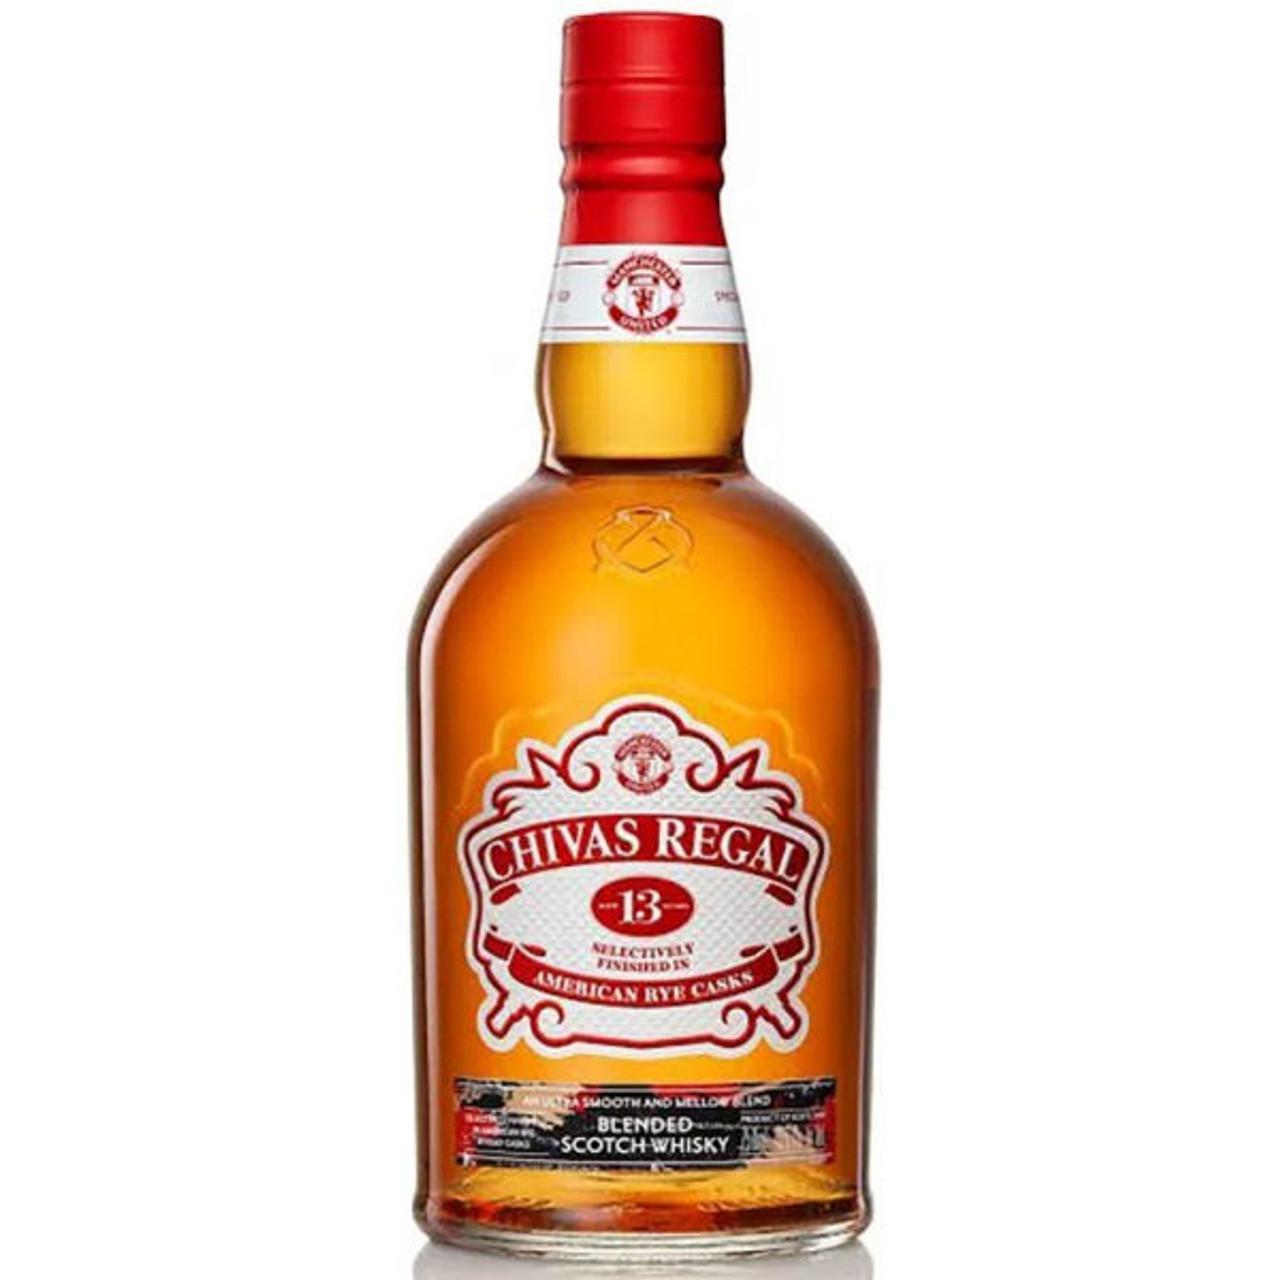 Chivas Regal 13 Year Old Blended Scotch 750ml
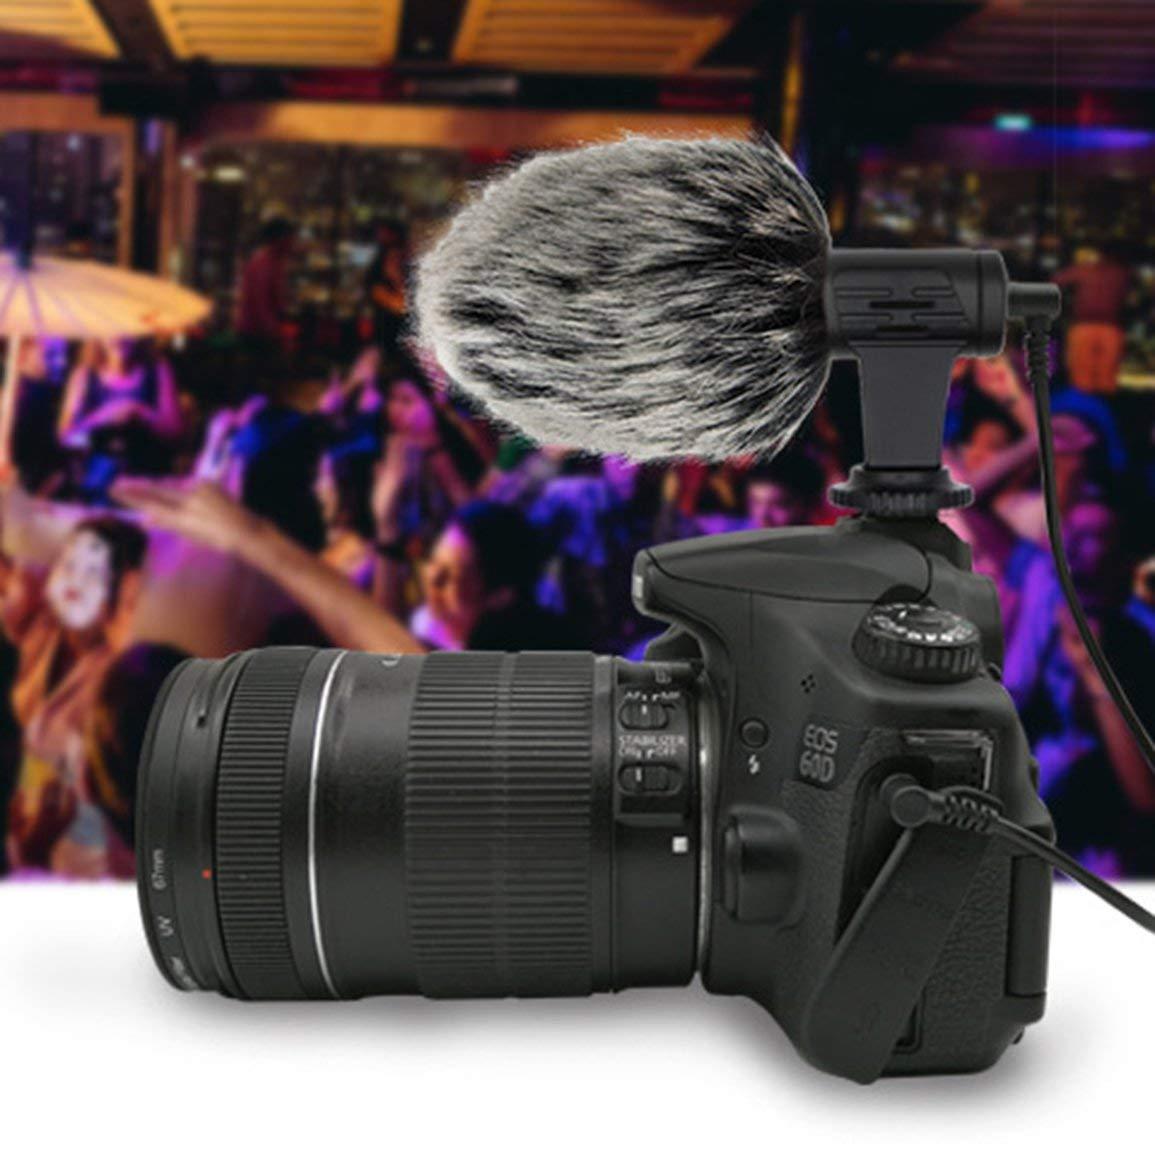 Micr/ófono port/átil m/óvil tel/éfono con c/ámara peque/ña Mic Fotograf/ía Mini 3.5mm Micr/ófono condensador para Smartphone
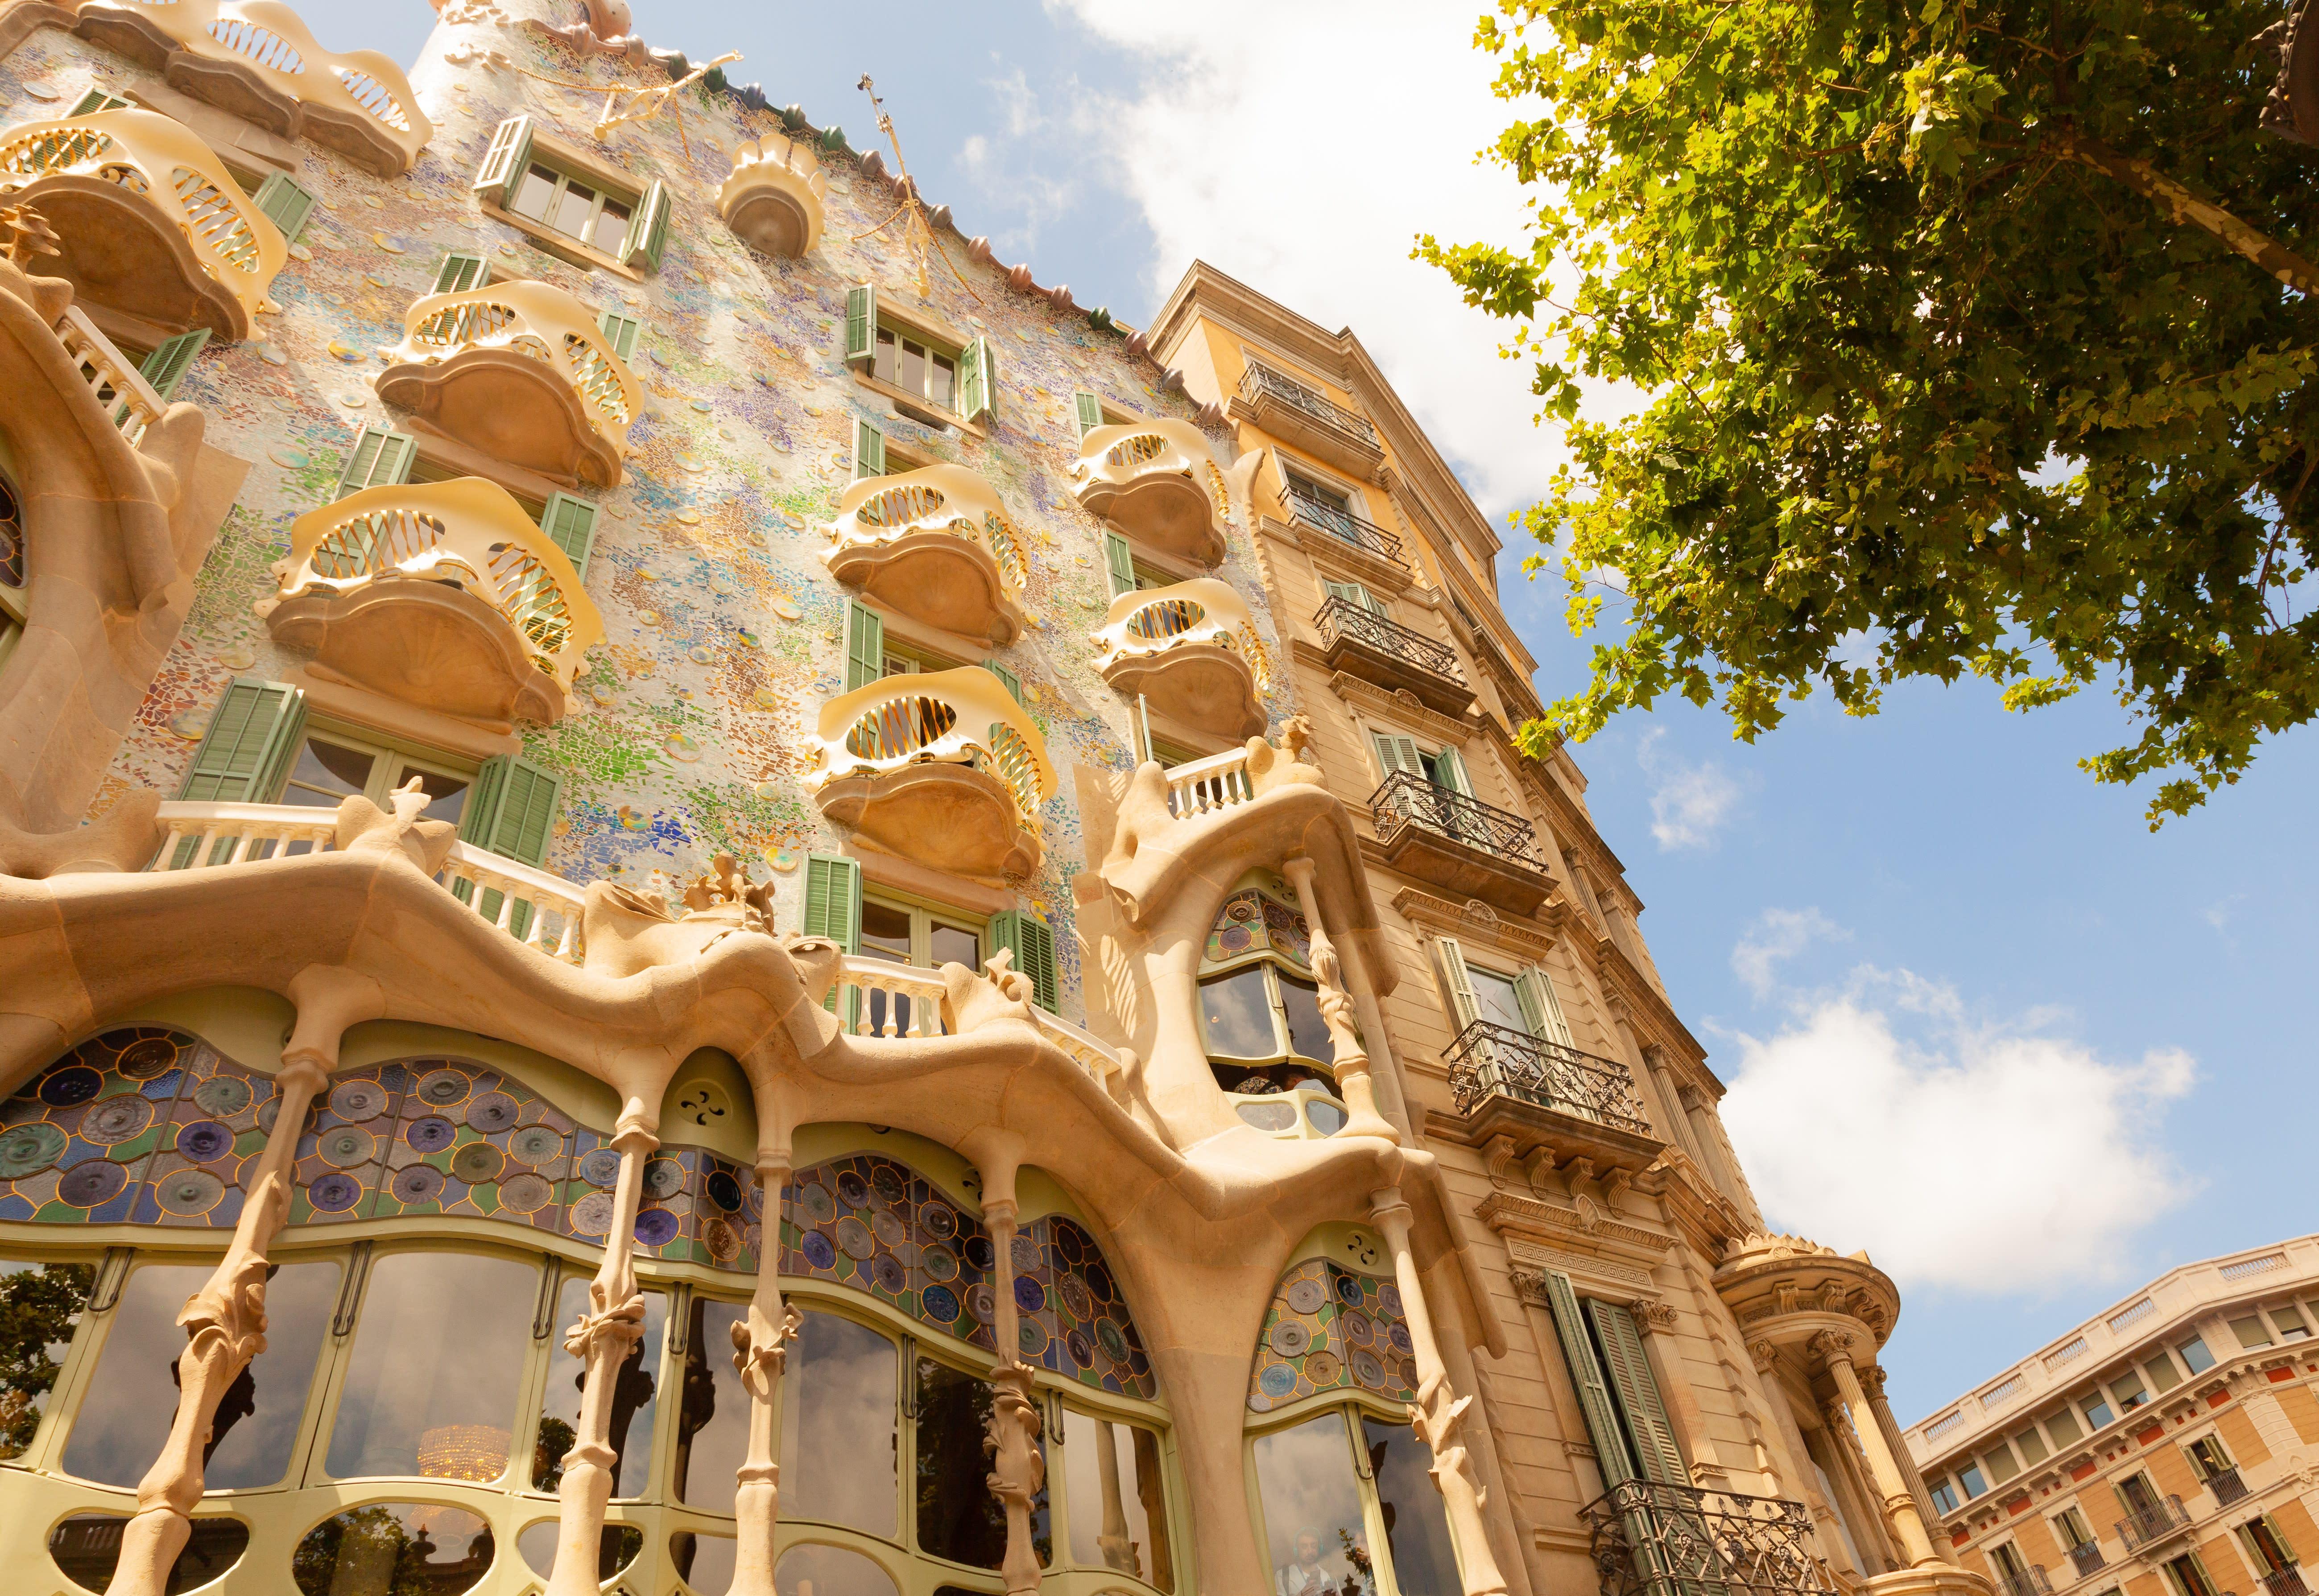 2.-Gaudi-Photo-by-Duncan-Kidd-on-Unsplash

» What you have to do:
Could you set down, exactly as written, every line from the one with "Micr/ófono port/átil m/óvil" to the end of the data, both ends included? Leave out the pictures.

» Problem solution:
 Micr/ófono port/átil m/óvil tel/éfono con c/ámara peque/ña Mic Fotograf/ía Mini 3.5mm Micr/ófono condensador para Smartphone
 2.-Gaudi-Photo-by-Duncan-Kidd-on-Unsplash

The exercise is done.